Supplied information section start

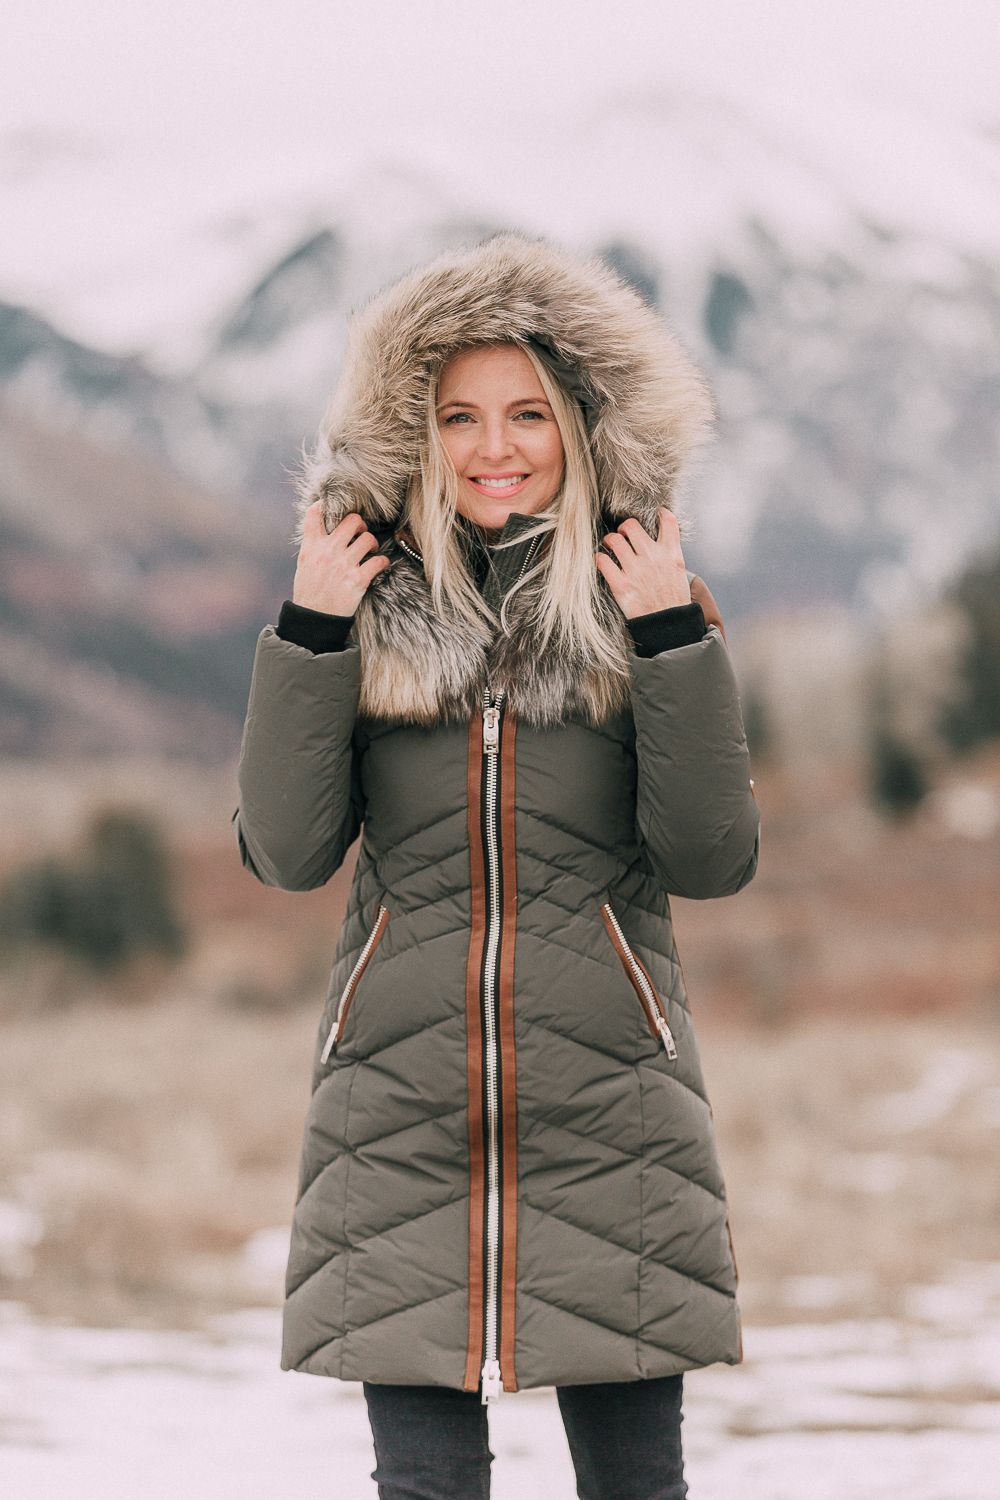 Best Winter Coats Guaranteed to Keep You Warm! | Busbee Style - Best Winter Coats Guaranteed to Keep You Warm! | Busbee Style -   18 style Winter coat ideas
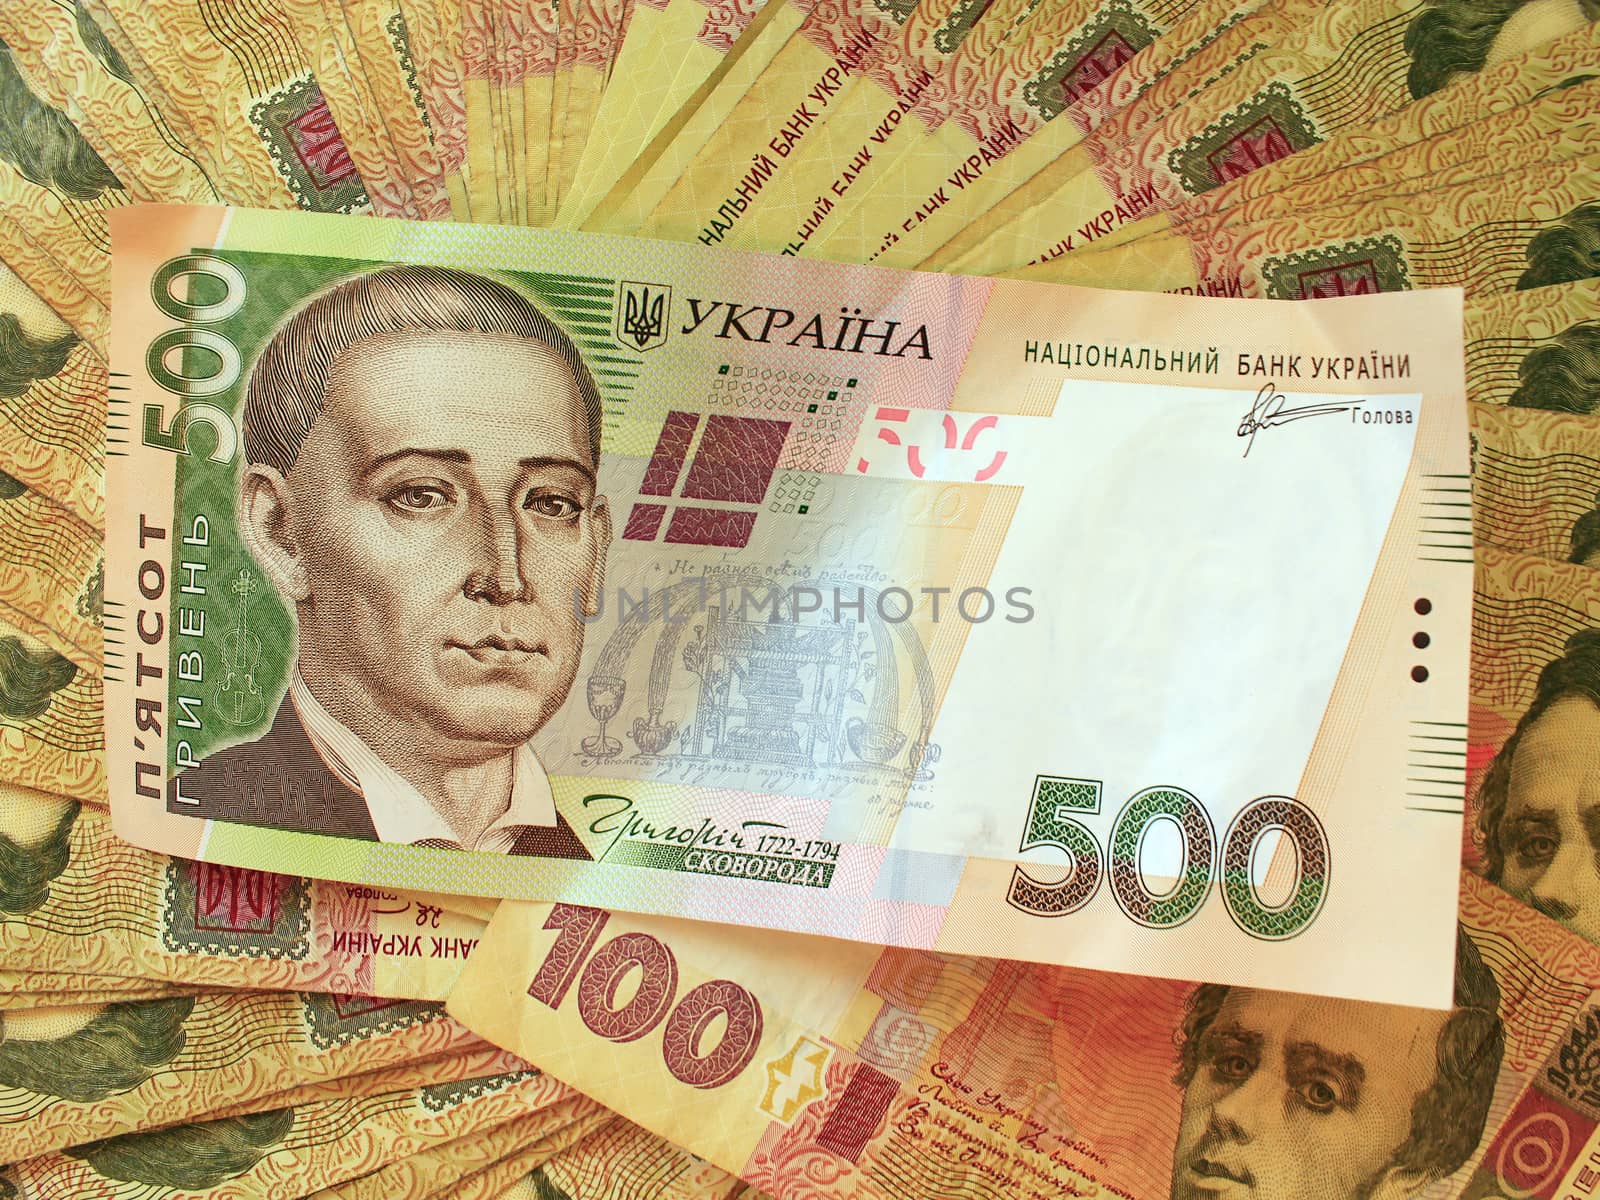 background of the Ukrainian money by alexmak
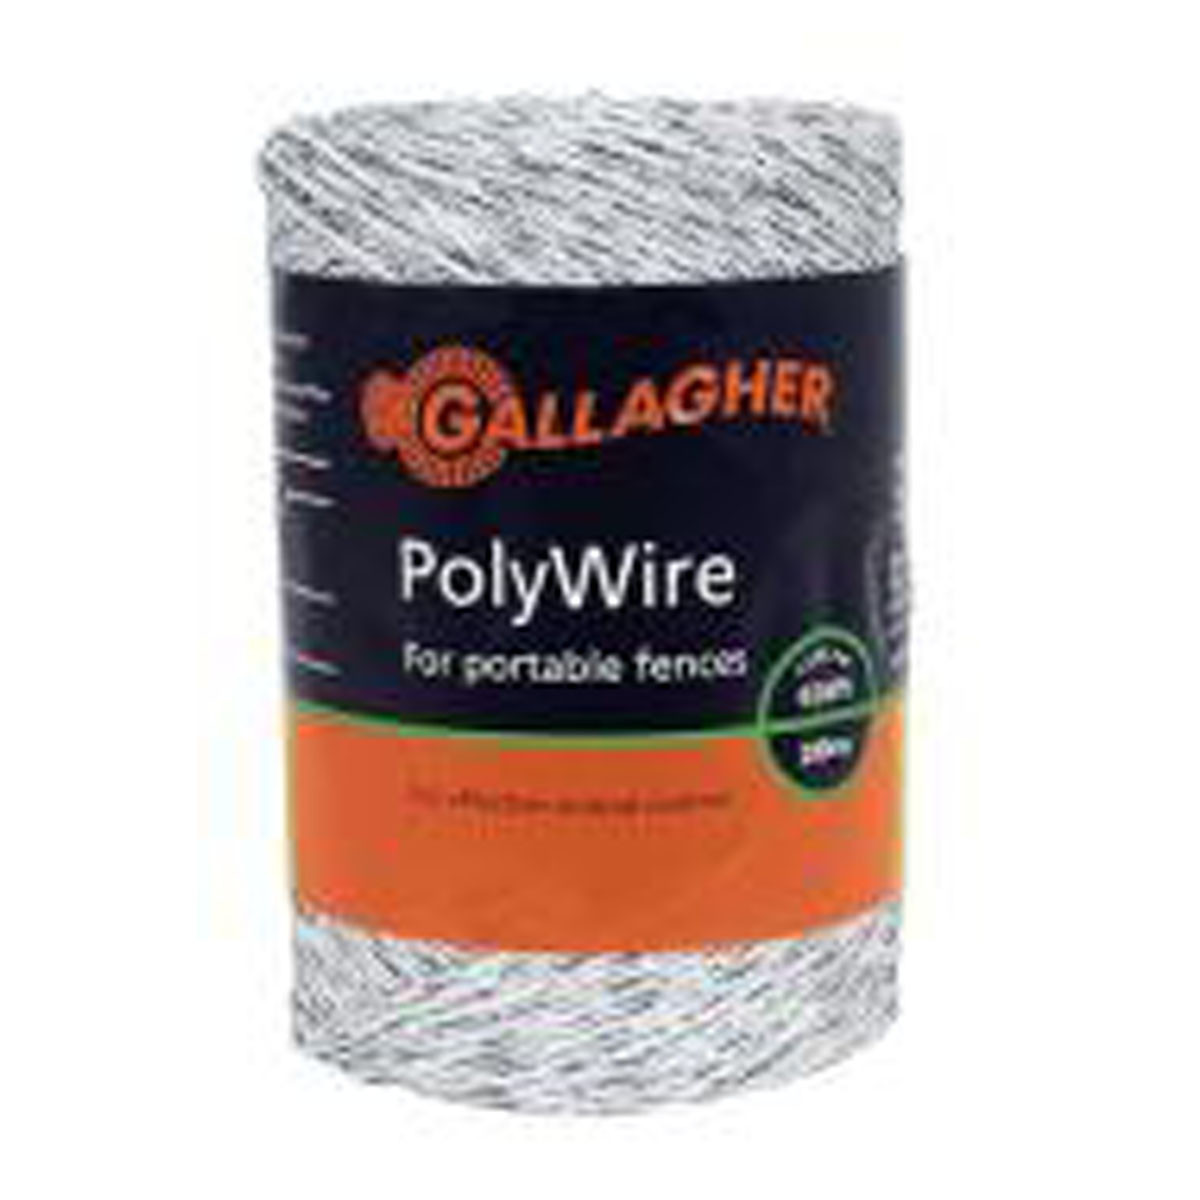 Gallagher Polywire - 200m
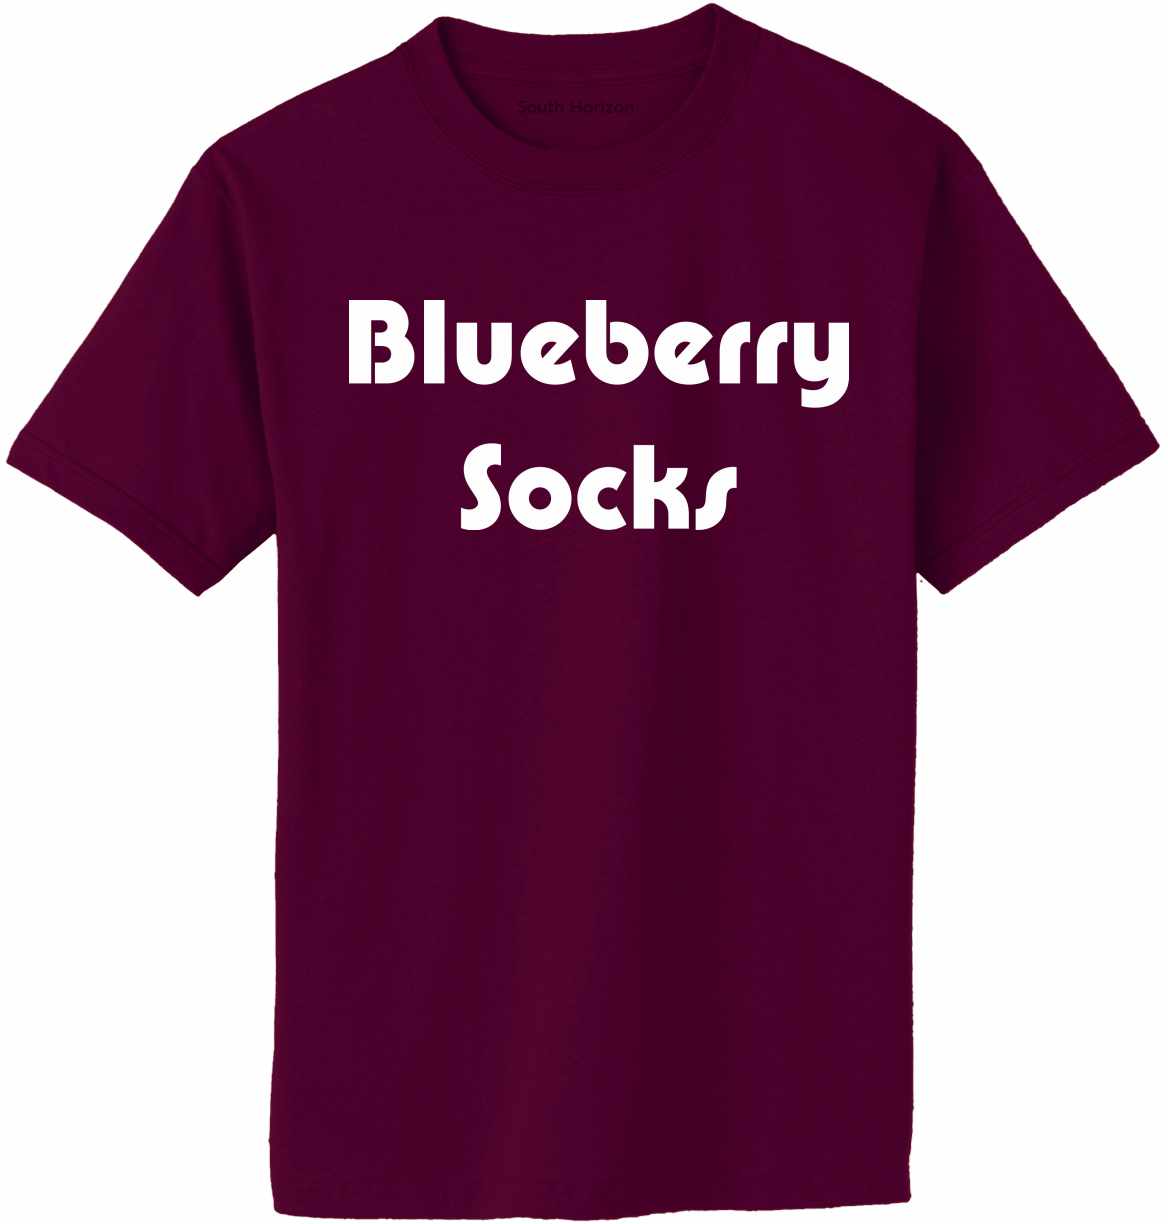 Blueberry Socks Adult T-Shirt

Supplied information section end

Pictures stay out; everything else in the listing above gets restated word for word.

 Best Winter Coats Guaranteed to Keep You Warm! | Busbee Style - Best Winter Coats Guaranteed to Keep You Warm! | Busbee Style -   18 style Winter coat ideas
 background of the Ukrainian money by alexmak
 Gallagher Polywire - 200m
 Blueberry Socks Adult T-Shirt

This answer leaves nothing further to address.